My bursts of energy of the first week after the rite had been focused on my own personal projects, random and not very controled. Now I learned that directing martian energies towards a greater goal beyond mere personal gain and satisfaction seems to exponentially amplify them. My martial personality traits bloomed as never before and I felt contented to a whole new level.
This chapter lasted almost the whole Mars retrograde phase but ended in a glorious victory. The internal enemy was defeated, their actions repelled and retaliated. I was high from pride, the client both as surprised by my skills as I was and very satisfied by my work. Soon after, we agreed on a long term commitment. I felt very lucky, because the pandemic had killed my 15 year career from one day to another and I really needed a new job anyway.
The other "thing" that happened in the aftermath of my Mars initiation was more of a process than an event. It started out as just a subtle but then day after day increasing irrational feeling of panic and looming danger. I got very anxious about it but at the same time it also felt eerily familiar.
In the the last decade I have already learned to trust my general instincts and gut feelings about life decisions more than my rational faculties. Ever since treading an enchanted path I tend to attribute this subtle "knowing" to my "higher self", "daimon", or my "guardian angel". When I found out that the planetary ruler of my astrological lot of daimon (Aries) is Mars I wasn't surprised at all. This intuitive force has always felt that way to me.
The growing anxiety felt exactly like that. Almost animal-like. An ovine precognition of imminent danger. And it was clearly related to the pandemic. Day after day I felt a stronger urge that we must escape Berlin as fast as possible, or else...
I talked to my wife about it and she trusted me. We came up with a crazy plan. Our initial incentive to buy a van and convert it into a camper was to travel France, Spain, and Portugal. We even did a test camping trip through the South of Germany in July and really loved it. Well, then pandemic related travel restrictions were put in place, so we had to ditch that whole idea. Now it was back on the table, but modified. Not "travel" but "escape".

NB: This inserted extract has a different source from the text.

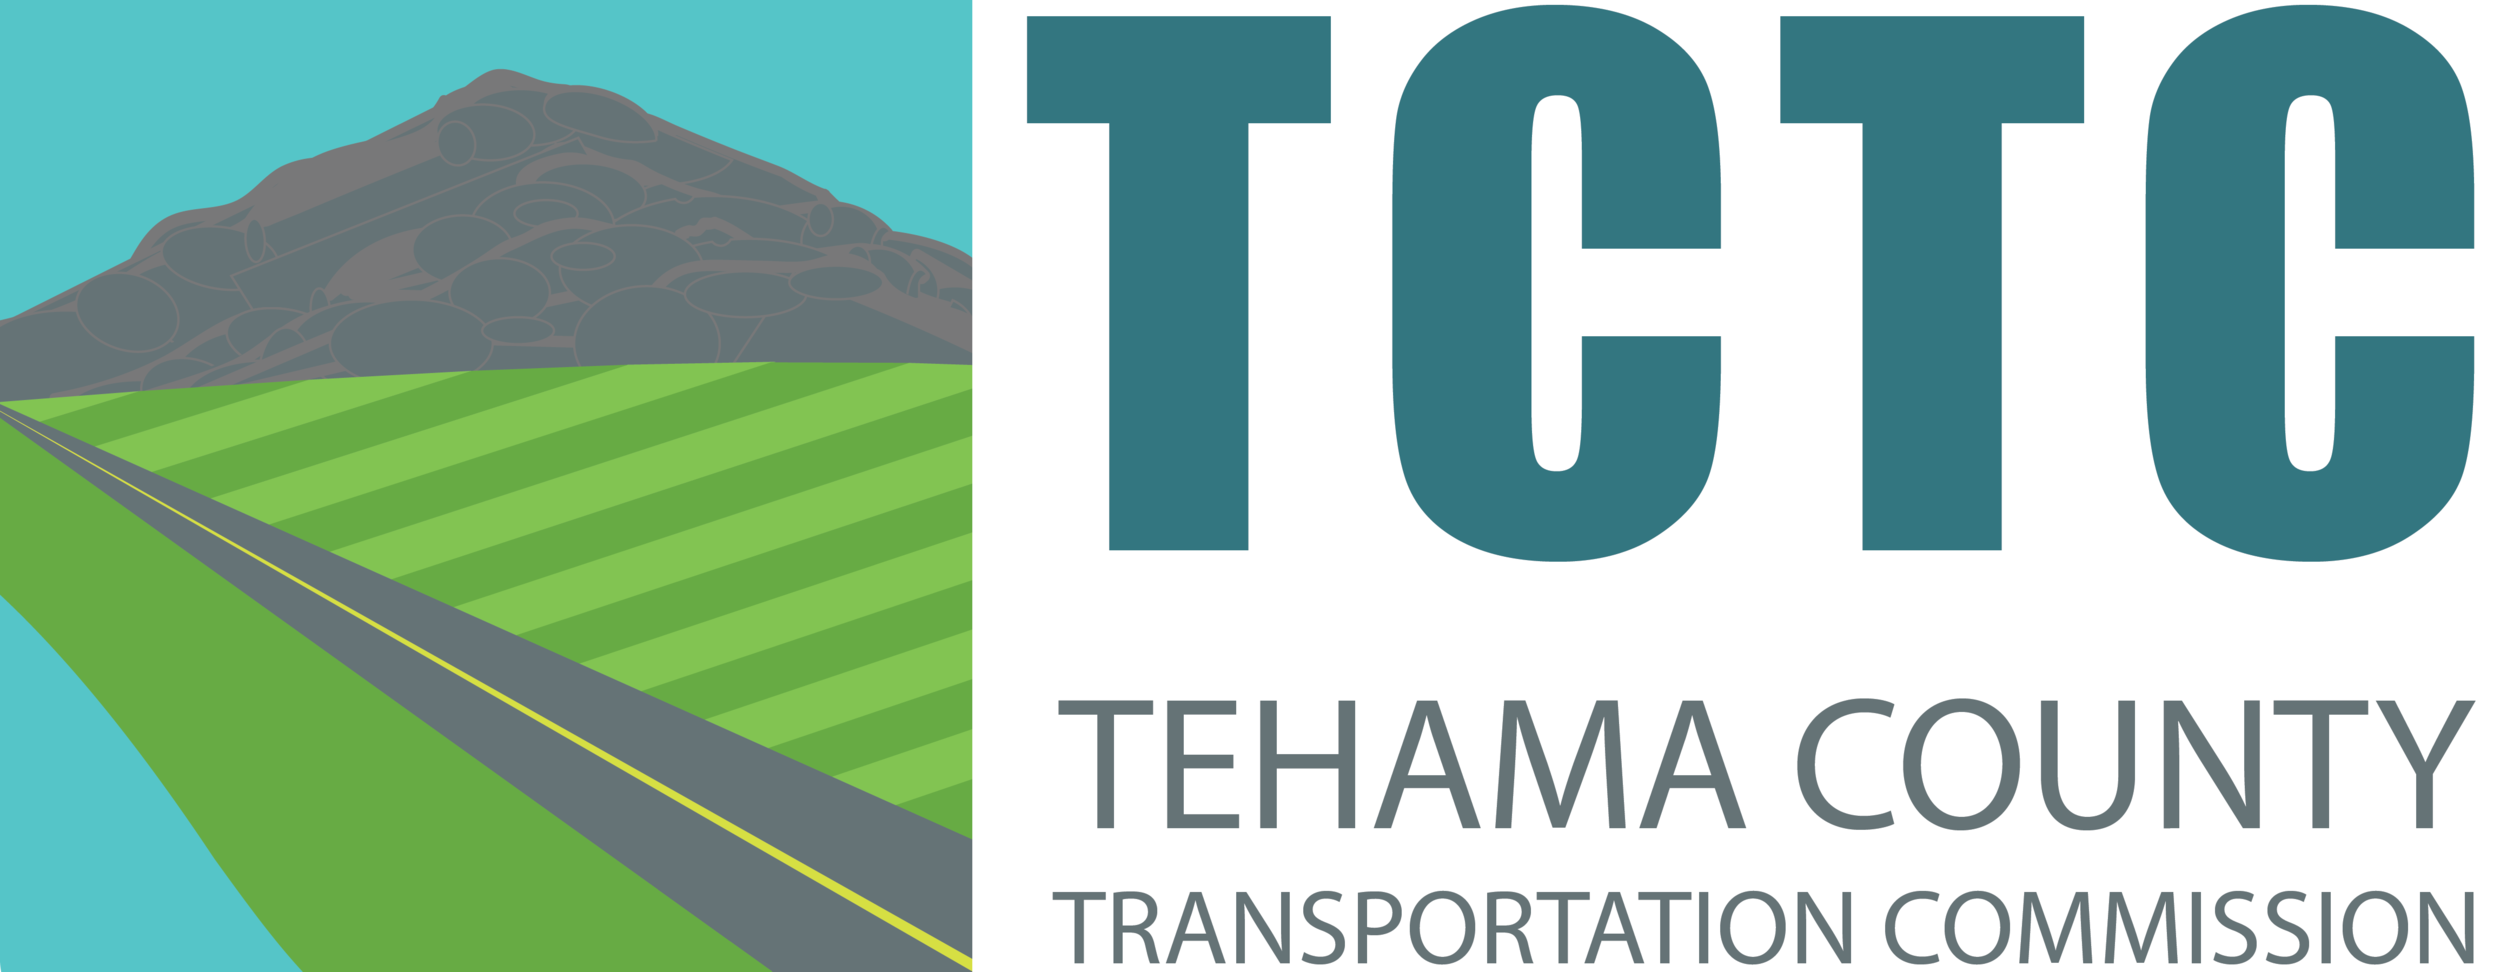 TCTCLogo-New-01.png
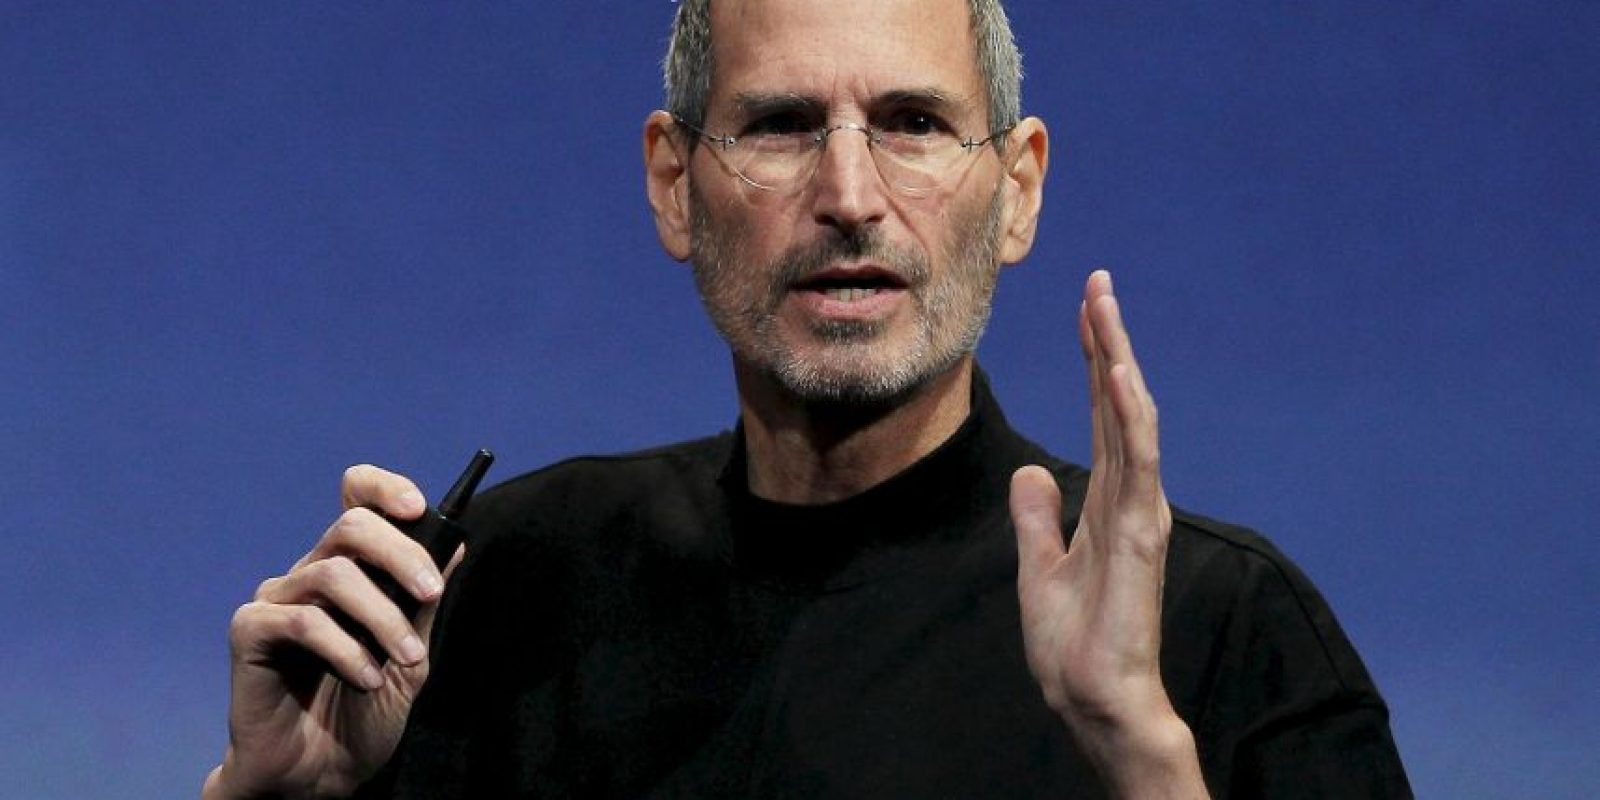 3. Steve Jobs / Tres días después del gol de Ramsey, murió el creador de Apple (5 de octubre de 2011). Foto:Getty Images

At this point we didn't really know what to escape from but we knew where to: The Canary Islands.
That in itself seemed quite crazy: drive to an archipelago off the coast of Morocco, almost 4000km away, by car?! Mars didn't think it was crazy, so that's what we ended up doing...but that's going to be the content of another article.
The police sent a letter a few weeks later that the case was dropped. And eventually also my intuition was right. After we left Berlin, lockdown measures got implemented, all childcare and schools closed. Most flights cancelled. Travel restricted. We would have been stuck in a locked down metropolis during a cold and dark winter with a bored and anxious child without kindergarten to go to and without friends to meet. Thanks to Mars we avoided a mental health crisis.